Happily, I ended up not needing protective gear at all for his latest effort — Dolan’s one lone shriek was actually welcome, and dare I say pleasant — and I left the theater quite enamored with Heartbeats. It’s a madly stylish achievement, a delightfully vivid pop pastiche, and one of the best cinema surprises of 2011 so far.

The film’s original French(-Canadian) title is Les amours imaginaires — translated literally as “imaginary loves” — and its story follows good friends Francis (Dolan) and Marie (Monia Chokri) in their competitive fantasy-obsessions with a rich, new-to-the-city party kid named Nicolas (Niels Schneider). They learn, or at least begin to learn, how silly it is for friends to fuss n’ fight over an object of desire.

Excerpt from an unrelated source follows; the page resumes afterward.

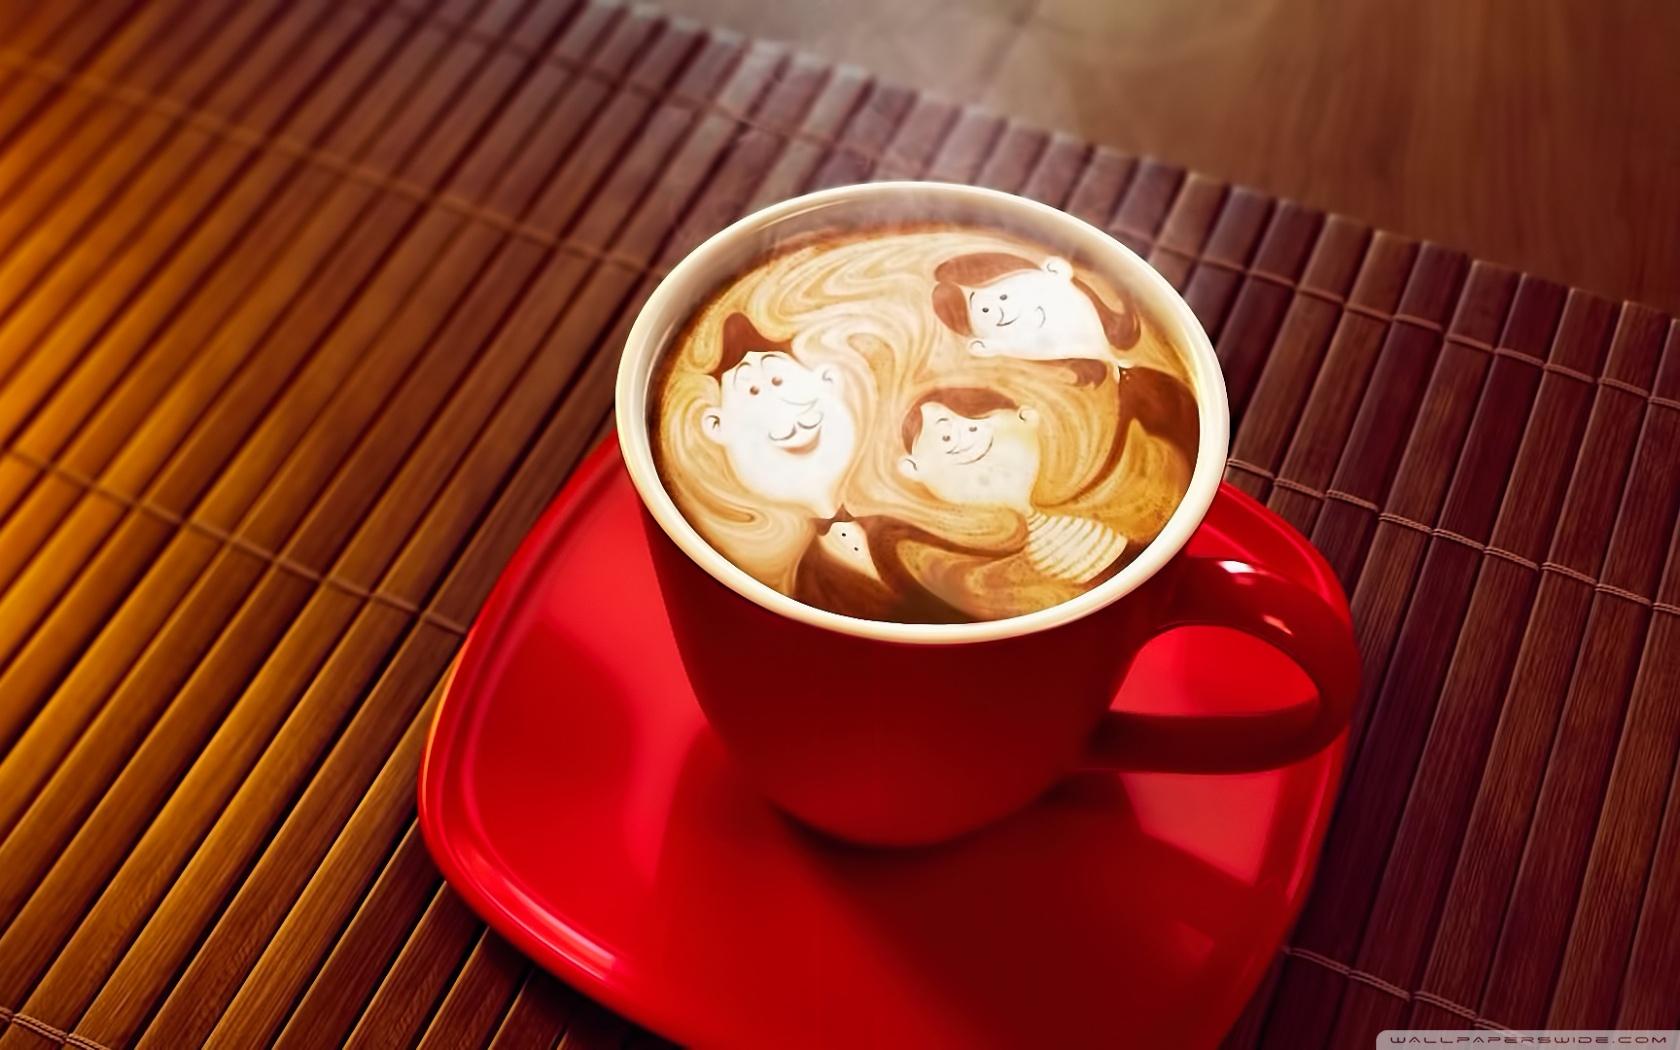 coffee_cup_5-wallpaper-1680x1050.jpg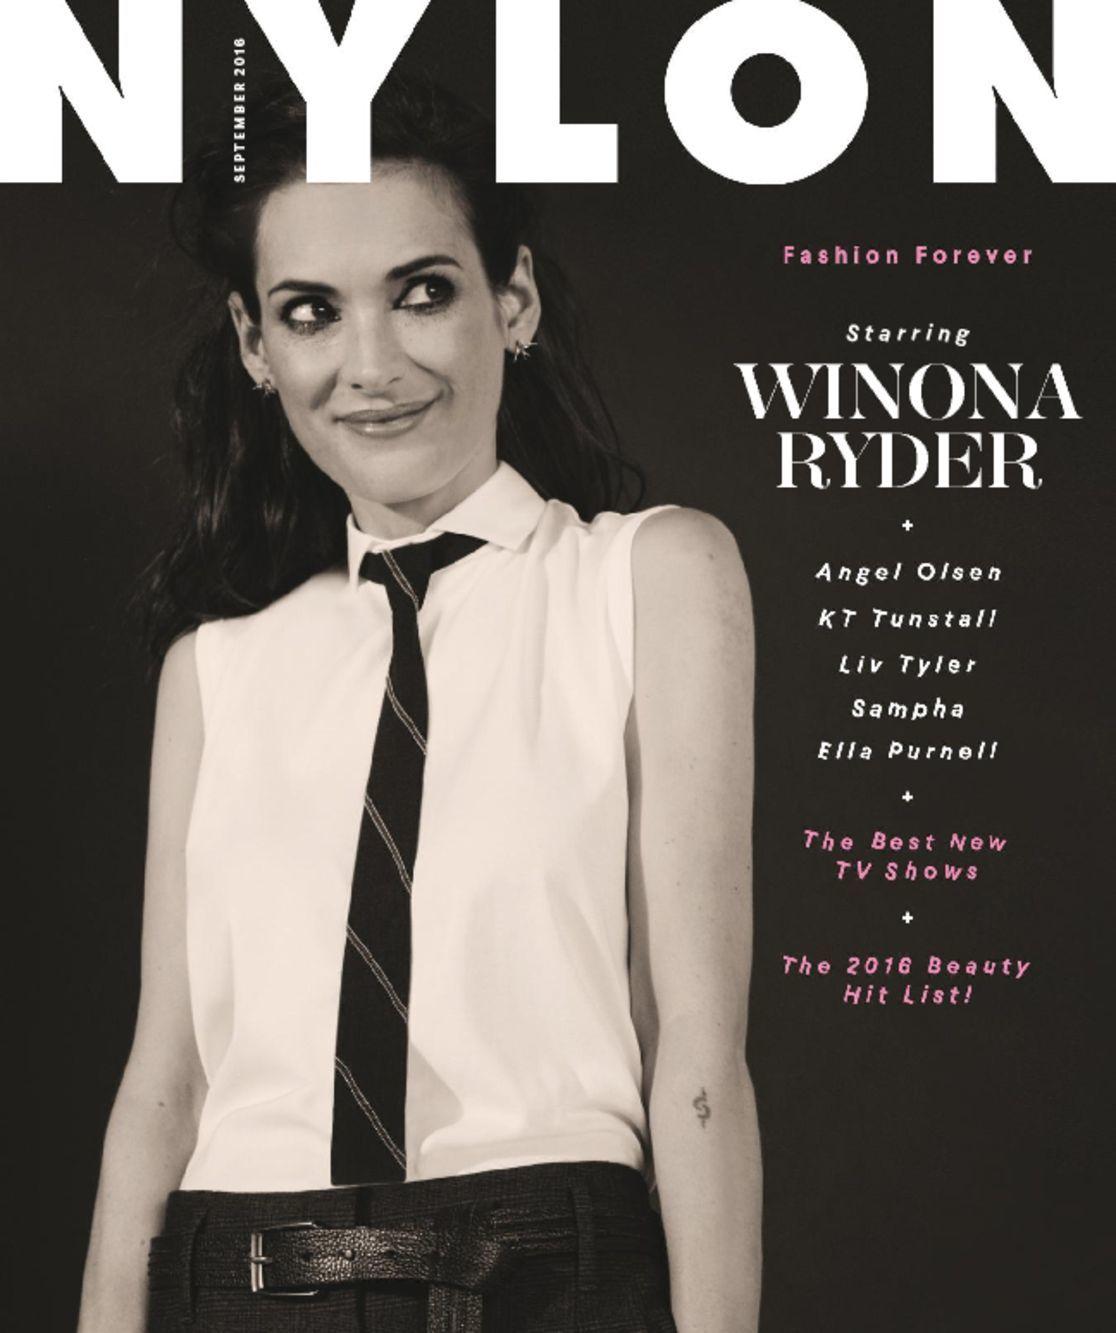 Best Price for Nylon Magazine Subscription

That’s really all you need to know about the plot, because this one’s about sparkle, baby. Stunningly flashy colors, off-kilter framing, hot threads, and cranked-up retro music supply the quirky lil’ love triangle with aesthetic treats aplenty. Edited, art-directed, and costume-designed by then 21-year-old (!) Dolan himself, the film never fails to deliver color/texture/shape combos that are almost tactile in presentation. There are stroboscope party sequences, lens-flared images of late-afternoon country sunshine, and monochrome bedroom scenes that will knock you upside the head with sensory pleasures. A mishmash of attractive surfaces: quite apt for a movie about the imagery of love.

But the actors aren’t just pretty faces. Chokri, who is like a young Christine Lahti with some Parker Posey and Mary-Louise Parker mixed in, plays Marie’s near-fetishistic preference for Audrey Hepburn-inspired midcentury form-fitting apparel very convincingly. Marie almost exclusively wears pinks and reds, and her flat’s palette follows suit. Then there’s broody Francis, with his blues and grays, no shrieking required. And Nicolas’s across-the-grid color sense adds to his mystery. (I often wondered what was so special about Francis to prompt such hysterical rigmarole, but Chokri and Dolan made me believe.)

The film alternates all the delectable mushiness with Husbands and Wives-esque montages of young lovelorns being faux-interviewed about their own thwarted desires, missed connections, and other assorted agonies. Many other elements seem familiar, too: aside from the Audrey fashion penchant, and the obvious François Ozon-ishness of the entire enterprise, the film pays homage to — ok, maybe rips off — Godard and Cocteau as well. And in a beautiful Wong Kar-Wai appropriation, Marie sports one of those red form-fitters while slo-mo sashaying to the beat of a violin-heavy version of “Bang Bang.” I died.

So this probably isn’t a film (or, by the looks of things, a director) for those who demand realism. But Heartbeats‘ artifice is its strength and its reward. Experience it for yourself, and be dazzled.